Denton sighed. “Would you think less of me if I said that was what I hope happened? But the letters ... and the mine.” He rubbed his hands over his face.
“There is something very wrong with that mine. I made the trek to West Virginia myself and found his gear and papers still there, but not Oscar. I only went a little way into the mine, just far enough to call for him, but it felt ... wrong.” He met my eyes across the table.
“It felt like standing in Usher’s house again.
And you of all people, Easton, know that I don’t say that lightly. ”

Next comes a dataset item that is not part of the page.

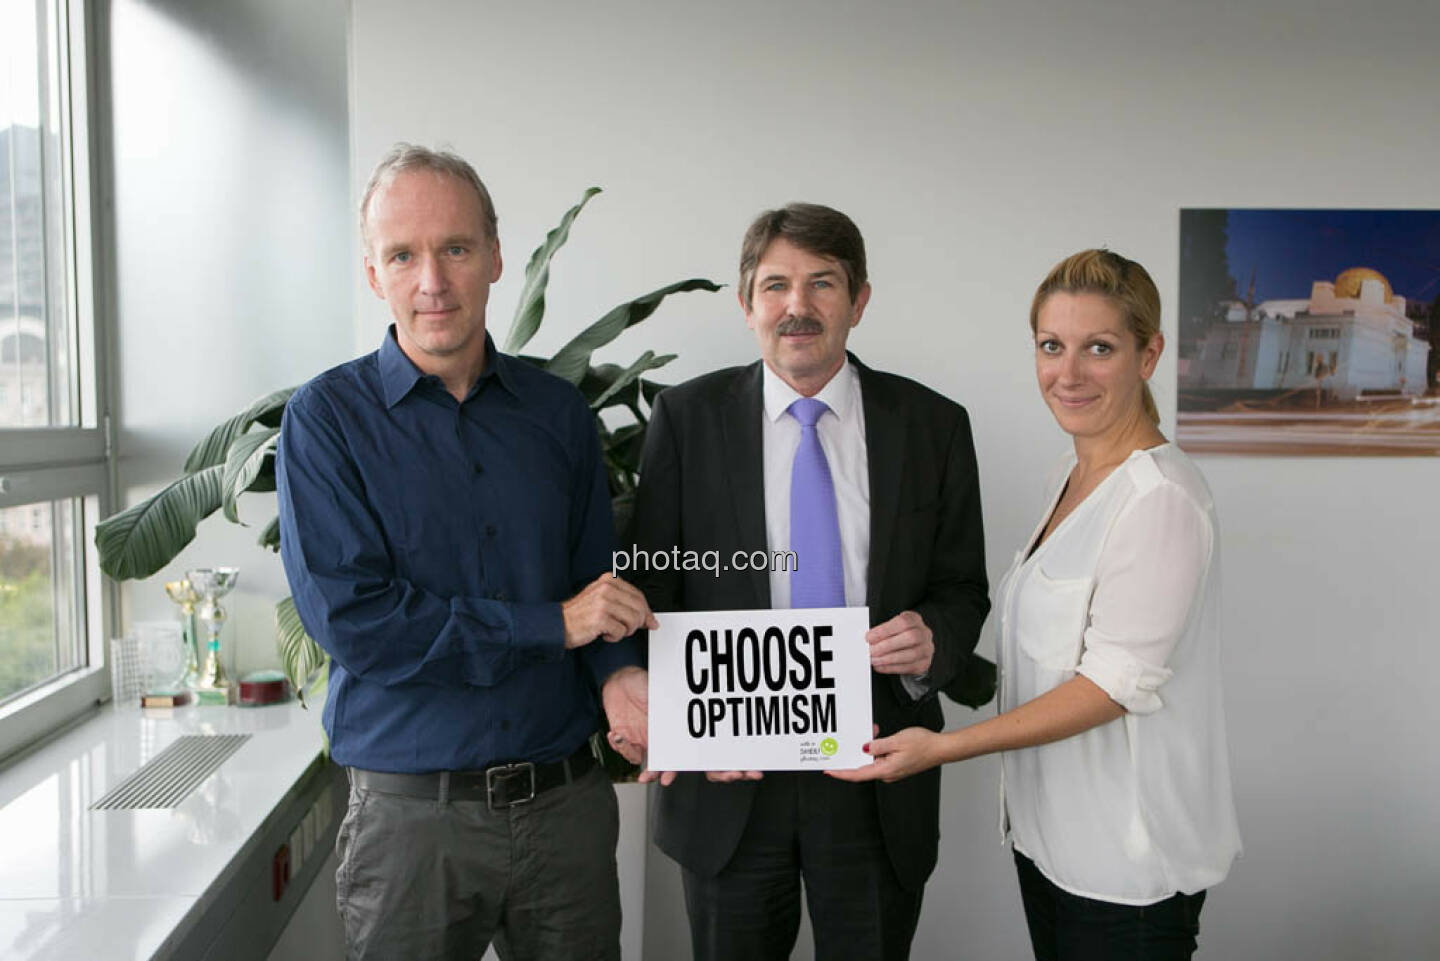 Christian Drastil, Ernst Vejdovszky (S Immo), Elisabeth Wagerer (S Immo), Choose Optimism

Usher’s house. The creeping malignancy that had seemed to infest the walls there, made of more than just the library full of rotting books and the worms gnawing on the beams. The thing that had dwelt in the dark lake and sent fungal fingers up into the house itself. Yes, I knew.
The thought of facing such a thing again made me want to turn around and head straight to the docks for a ship going back to Europe. In fact, if there wasn’t a ship, I might see how far I could swim.
But Denton had asked for my help, and there was nothing in me that would allow me to turn tail when a friend needed me. Ours is not to question why, etc. (I hate that poem, but I understand it.) Denton had stood beside me against the horrors in Usher’s lake. It was my turn to stand beside him now.
I drained my gin and tonic and set it down. “All right,” I said. “When do we leave?”